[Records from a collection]
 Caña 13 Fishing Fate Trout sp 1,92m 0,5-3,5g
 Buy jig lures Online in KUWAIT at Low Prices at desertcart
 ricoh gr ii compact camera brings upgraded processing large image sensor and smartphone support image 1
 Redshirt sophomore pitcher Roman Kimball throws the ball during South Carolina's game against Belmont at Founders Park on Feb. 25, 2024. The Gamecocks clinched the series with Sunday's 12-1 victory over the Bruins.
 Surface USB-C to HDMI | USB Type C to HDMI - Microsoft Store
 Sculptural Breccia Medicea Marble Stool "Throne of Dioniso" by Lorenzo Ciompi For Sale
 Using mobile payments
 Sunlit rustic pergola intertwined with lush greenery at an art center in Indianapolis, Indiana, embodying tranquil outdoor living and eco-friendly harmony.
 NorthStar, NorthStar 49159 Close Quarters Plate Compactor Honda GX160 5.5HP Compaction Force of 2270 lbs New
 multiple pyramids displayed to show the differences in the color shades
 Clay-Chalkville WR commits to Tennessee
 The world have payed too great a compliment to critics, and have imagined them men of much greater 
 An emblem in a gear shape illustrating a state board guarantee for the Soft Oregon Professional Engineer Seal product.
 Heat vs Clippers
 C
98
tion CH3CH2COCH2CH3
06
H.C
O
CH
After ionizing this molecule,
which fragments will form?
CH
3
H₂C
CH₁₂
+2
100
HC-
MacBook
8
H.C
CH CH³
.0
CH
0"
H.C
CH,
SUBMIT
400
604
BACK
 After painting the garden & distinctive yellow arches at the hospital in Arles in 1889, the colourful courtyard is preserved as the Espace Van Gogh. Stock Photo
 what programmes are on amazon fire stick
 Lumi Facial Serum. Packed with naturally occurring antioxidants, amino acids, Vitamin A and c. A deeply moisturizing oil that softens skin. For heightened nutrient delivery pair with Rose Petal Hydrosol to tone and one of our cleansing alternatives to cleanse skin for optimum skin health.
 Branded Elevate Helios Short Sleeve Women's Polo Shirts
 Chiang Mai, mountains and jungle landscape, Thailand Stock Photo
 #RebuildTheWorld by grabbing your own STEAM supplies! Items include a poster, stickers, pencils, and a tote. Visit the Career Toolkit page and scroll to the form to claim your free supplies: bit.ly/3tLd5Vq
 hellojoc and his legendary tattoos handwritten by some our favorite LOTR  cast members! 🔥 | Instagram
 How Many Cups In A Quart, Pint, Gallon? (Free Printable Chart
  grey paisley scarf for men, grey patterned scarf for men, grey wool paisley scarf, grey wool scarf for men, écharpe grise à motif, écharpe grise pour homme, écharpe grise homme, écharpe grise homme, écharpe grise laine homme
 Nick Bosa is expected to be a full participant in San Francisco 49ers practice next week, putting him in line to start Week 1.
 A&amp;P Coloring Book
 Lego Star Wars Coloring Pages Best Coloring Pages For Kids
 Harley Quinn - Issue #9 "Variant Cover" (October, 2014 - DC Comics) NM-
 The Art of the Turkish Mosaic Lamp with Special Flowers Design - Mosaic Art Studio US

WHAT YOU NEED TO DO
Show all lines in the entries above where the word "Coloring" appears.

SOLUTION
 A&amp;P Coloring Book
 Lego Star Wars Coloring Pages Best Coloring Pages For Kids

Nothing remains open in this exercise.